The withheld tax is a credit against the contractor’s end-of-year income tax, not a final tax, so a labour-only builder still files a return and claims expenses against gross income. Keeping the IR330C and every buyer-created or contractor invoice is essential to reconcile the withholding.
Provisional tax
Once a trade business is established, Inland Revenue asks for provisional tax: income tax paid in instalments during the year rather than in one lump sum. The trigger is having residual income tax of more than $5,000 in the prior year [3] .
GST
You must register for GST once turnover passes $60,000 in any 12-month period [3] . A registered tradie charges 15% GST and claims it back on tools, materials, fuel, and other business costs through GST returns; the mechanics are in the New Zealand GST guide. The common slip is claiming the full GST on an asset that has private use, when the claim should follow the business-use share.
Vehicles and travel
Inland Revenue allows three ways to claim vehicle costs [4] :
| Method | How it works |
|---|---|
| Logbook | Record business trips for three months, then claim that business-use percentage of running costs |
| 25% of running costs | A flat default where business use is hard to evidence |
| Actual costs | Full business records, claiming the business portion of every cost |
A vehicle used only for the business can claim the full running costs [4] . The claim mileage in New Zealand guide covers the kilometre-rate alternative for lighter business use.

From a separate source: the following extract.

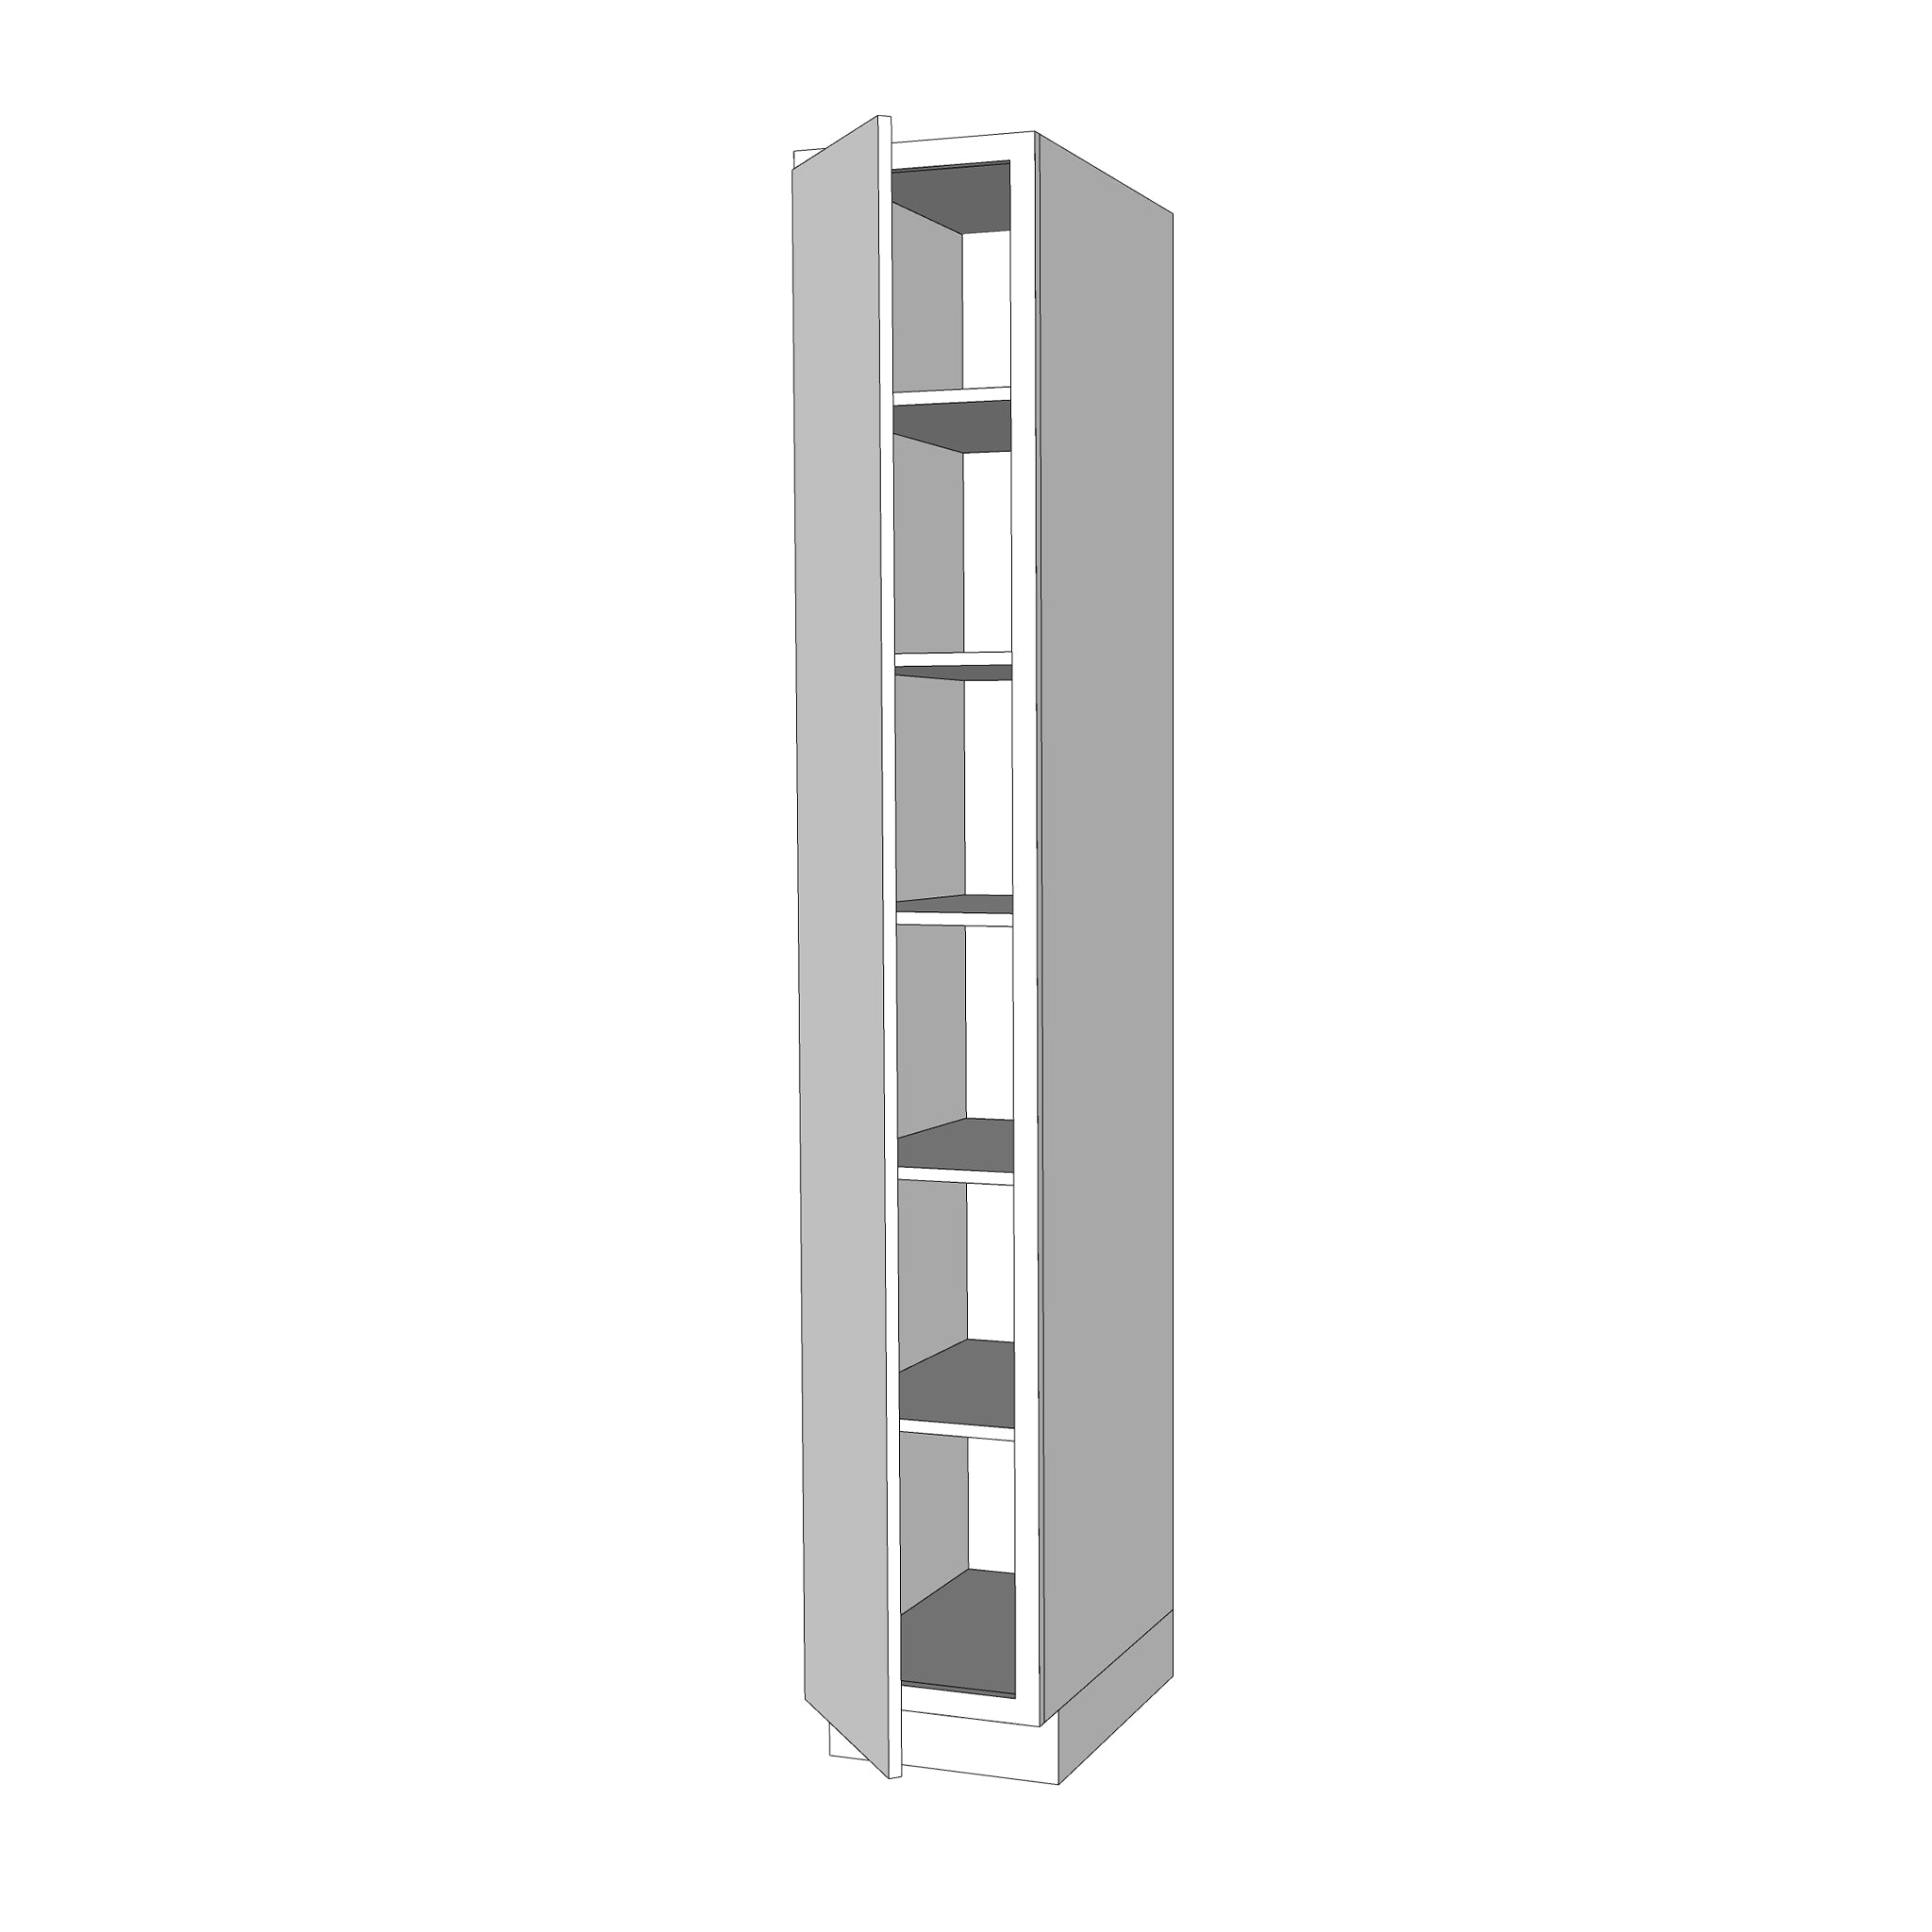 15x95 High Pantry Cabinet - Assembled

Tools, protective gear, and consumables
Hand tools, power tools, and consumables used in the business are deductible. Protective clothing and safety equipment (boots, hi-vis, hard hats, wet-weather gear) are deductible because the work requires them; ordinary clothing is not. Larger plant is capital and is depreciated rather than expensed, with the deduction spread over the asset’s life.

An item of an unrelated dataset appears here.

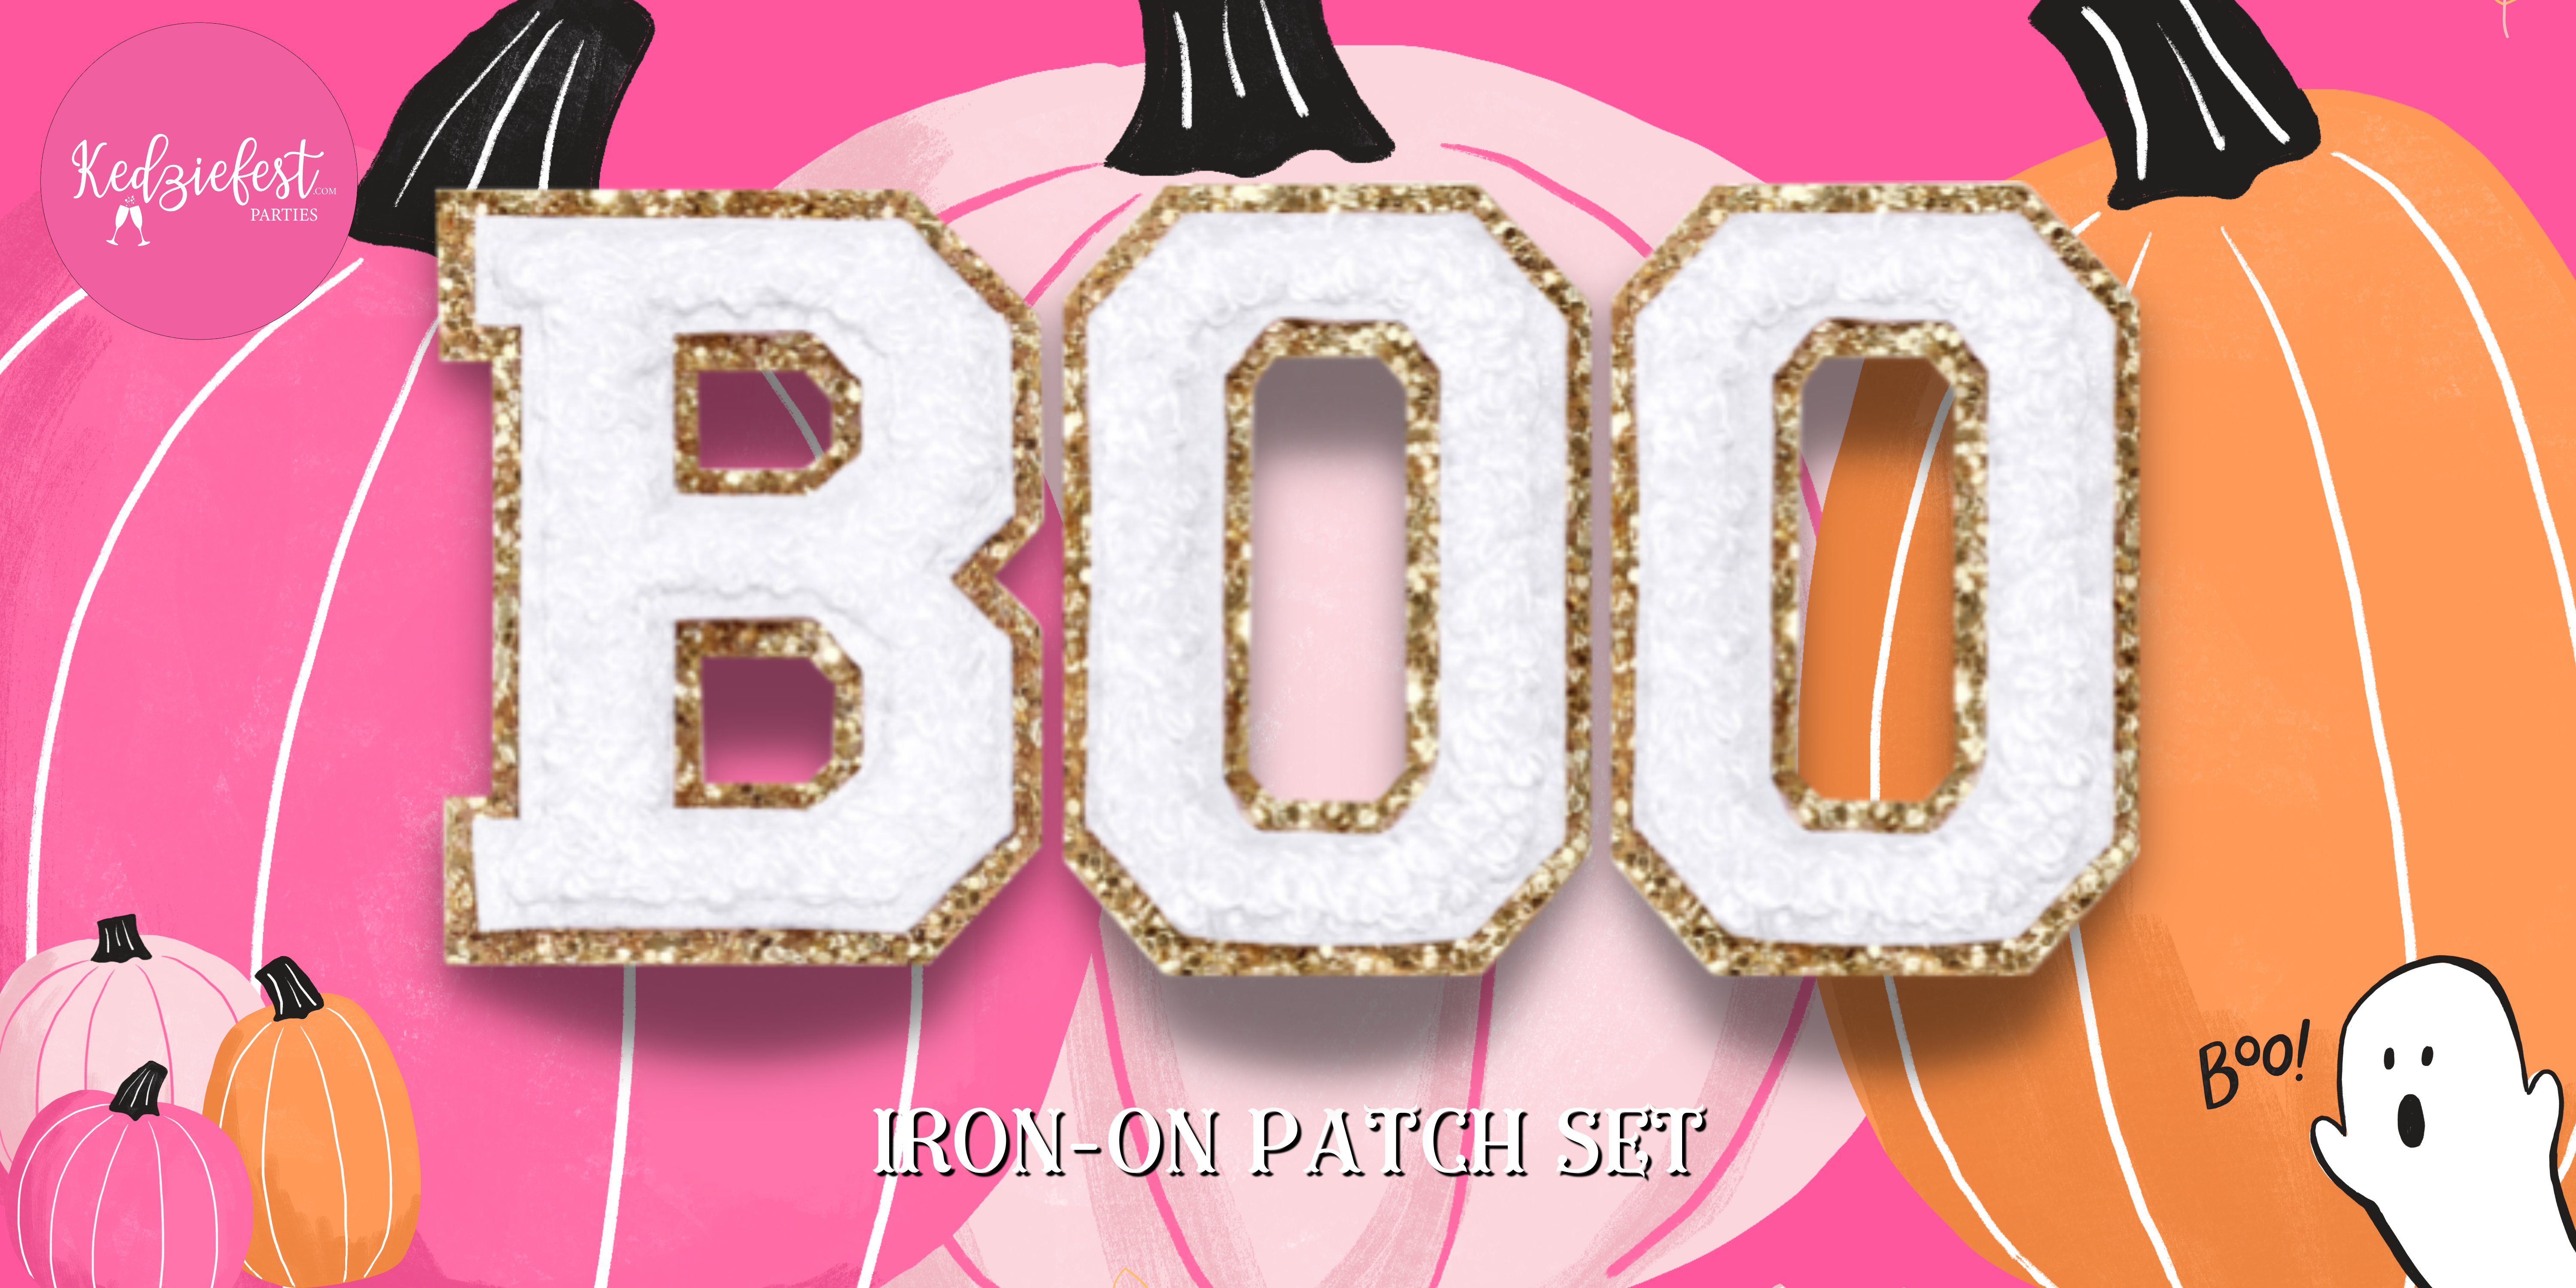 BOO Iron-On Patch Set by Kedziefest Parties

Low-value assets can usually be written off in full in the year of purchase rather than depreciated, which suits a trade business that buys a steady stream of small tools. Keep the receipt against each purchase so the business-use share is evidenced and the write-off is defensible. Anything bought for mixed business and private use is apportioned, and the same apportionment carries through to the GST claim, so getting the split right once at capture saves untangling it twice later.
Where ExpenseFlow fits
The NZ trade headache is reconciliation: schedular withholding, provisional instalments, and GST credits must all tie back to documents that are easy to lose on a busy site. ExpenseFlow captures each receipt and supplier invoice, extracts the GST and line detail, codes it, and syncs the transaction into Xero or QuickBooks Online with the image attached, building the seven-year record archive as a by-product. It surfaces the figures you need for GST returns and the end-of-year reconciliation; it does not file your returns or set your withholding rate.
Common mistakes
- Not completing an IR330C, so withholding defaults to 20% when a lower correct rate was available [2] .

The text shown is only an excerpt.